*** Available records ***

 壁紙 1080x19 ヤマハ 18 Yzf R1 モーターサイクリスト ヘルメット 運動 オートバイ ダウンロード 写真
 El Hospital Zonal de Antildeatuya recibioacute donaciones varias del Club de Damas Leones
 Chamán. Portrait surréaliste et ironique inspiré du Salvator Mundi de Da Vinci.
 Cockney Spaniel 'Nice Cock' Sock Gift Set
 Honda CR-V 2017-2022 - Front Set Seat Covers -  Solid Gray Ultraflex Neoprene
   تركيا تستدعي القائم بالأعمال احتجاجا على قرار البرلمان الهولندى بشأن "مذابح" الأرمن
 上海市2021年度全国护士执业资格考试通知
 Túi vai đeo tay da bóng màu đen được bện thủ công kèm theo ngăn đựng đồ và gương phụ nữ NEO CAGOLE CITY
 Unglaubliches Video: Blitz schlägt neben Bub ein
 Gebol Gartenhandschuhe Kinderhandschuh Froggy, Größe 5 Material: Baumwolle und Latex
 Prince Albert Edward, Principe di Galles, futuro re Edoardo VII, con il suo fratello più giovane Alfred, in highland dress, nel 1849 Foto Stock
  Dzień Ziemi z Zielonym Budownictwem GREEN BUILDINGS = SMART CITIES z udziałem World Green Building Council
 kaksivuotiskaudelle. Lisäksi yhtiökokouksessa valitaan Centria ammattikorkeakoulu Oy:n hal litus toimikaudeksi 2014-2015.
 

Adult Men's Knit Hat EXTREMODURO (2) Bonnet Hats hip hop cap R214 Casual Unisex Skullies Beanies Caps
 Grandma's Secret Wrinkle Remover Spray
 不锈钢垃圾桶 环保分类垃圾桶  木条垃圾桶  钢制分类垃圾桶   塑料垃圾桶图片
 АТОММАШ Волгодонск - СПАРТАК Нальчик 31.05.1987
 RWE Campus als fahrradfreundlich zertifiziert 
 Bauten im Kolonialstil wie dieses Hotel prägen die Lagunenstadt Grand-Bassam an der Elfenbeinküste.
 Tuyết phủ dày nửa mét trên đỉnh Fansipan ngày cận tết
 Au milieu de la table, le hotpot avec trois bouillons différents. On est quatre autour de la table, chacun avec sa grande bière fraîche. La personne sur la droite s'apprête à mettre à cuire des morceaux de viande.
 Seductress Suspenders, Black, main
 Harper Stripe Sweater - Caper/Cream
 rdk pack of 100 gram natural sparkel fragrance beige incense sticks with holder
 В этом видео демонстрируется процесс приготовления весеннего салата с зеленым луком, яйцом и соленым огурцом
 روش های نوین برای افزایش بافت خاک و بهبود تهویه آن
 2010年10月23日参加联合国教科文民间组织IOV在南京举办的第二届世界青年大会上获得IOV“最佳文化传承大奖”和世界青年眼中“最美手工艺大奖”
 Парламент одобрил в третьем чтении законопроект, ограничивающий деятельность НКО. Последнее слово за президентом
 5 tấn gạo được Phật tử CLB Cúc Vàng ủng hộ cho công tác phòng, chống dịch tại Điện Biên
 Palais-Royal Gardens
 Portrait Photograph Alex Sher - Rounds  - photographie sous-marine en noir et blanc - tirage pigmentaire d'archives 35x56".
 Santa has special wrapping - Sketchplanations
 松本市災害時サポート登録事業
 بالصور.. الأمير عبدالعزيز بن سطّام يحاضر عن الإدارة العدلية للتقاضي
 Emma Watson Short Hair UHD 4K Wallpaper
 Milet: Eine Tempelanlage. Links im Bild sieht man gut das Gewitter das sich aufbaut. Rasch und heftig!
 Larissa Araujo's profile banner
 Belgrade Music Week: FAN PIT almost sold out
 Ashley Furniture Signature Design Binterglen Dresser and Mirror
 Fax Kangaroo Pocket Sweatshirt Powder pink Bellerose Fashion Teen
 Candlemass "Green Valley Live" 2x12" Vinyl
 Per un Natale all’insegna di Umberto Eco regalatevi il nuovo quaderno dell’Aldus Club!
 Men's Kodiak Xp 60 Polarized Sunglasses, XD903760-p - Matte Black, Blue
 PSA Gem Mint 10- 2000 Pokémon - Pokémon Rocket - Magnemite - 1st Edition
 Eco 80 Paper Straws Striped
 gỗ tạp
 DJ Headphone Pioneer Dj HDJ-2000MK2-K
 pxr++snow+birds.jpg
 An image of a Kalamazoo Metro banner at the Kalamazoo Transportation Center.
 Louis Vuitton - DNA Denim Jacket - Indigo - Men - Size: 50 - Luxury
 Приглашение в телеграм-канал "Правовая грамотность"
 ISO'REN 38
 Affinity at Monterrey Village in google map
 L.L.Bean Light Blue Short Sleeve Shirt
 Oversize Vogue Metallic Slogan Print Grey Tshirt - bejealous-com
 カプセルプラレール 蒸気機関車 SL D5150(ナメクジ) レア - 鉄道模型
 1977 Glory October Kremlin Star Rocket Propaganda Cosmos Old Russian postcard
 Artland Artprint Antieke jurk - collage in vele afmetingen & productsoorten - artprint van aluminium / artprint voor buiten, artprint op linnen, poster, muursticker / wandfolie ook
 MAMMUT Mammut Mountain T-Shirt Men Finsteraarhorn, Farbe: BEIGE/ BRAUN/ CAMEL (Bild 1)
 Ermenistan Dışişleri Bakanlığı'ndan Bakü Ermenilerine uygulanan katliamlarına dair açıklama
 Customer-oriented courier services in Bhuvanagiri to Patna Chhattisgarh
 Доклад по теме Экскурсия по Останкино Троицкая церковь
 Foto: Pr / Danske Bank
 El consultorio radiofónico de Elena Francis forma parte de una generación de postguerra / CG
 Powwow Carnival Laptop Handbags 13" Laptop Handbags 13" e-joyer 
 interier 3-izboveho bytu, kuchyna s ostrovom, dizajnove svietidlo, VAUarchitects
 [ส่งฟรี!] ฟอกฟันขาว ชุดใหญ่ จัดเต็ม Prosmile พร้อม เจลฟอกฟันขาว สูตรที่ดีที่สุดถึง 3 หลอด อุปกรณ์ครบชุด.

*** End of Available records ***

* Work task
Restate the data word for word. Begin at its first line, end at the line that contains "Gebol Gartenhandschuhe Kinderhandschuh", and include both.

* Output
 壁紙 1080x19 ヤマハ 18 Yzf R1 モーターサイクリスト ヘルメット 運動 オートバイ ダウンロード 写真
 El Hospital Zonal de Antildeatuya recibioacute donaciones varias del Club de Damas Leones
 Chamán. Portrait surréaliste et ironique inspiré du Salvator Mundi de Da Vinci.
 Cockney Spaniel 'Nice Cock' Sock Gift Set
 Honda CR-V 2017-2022 - Front Set Seat Covers -  Solid Gray Ultraflex Neoprene
   تركيا تستدعي القائم بالأعمال احتجاجا على قرار البرلمان الهولندى بشأن "مذابح" الأرمن
 上海市2021年度全国护士执业资格考试通知
 Túi vai đeo tay da bóng màu đen được bện thủ công kèm theo ngăn đựng đồ và gương phụ nữ NEO CAGOLE CITY
 Unglaubliches Video: Blitz schlägt neben Bub ein
 Gebol Gartenhandschuhe Kinderhandschuh Froggy, Größe 5 Material: Baumwolle und Latex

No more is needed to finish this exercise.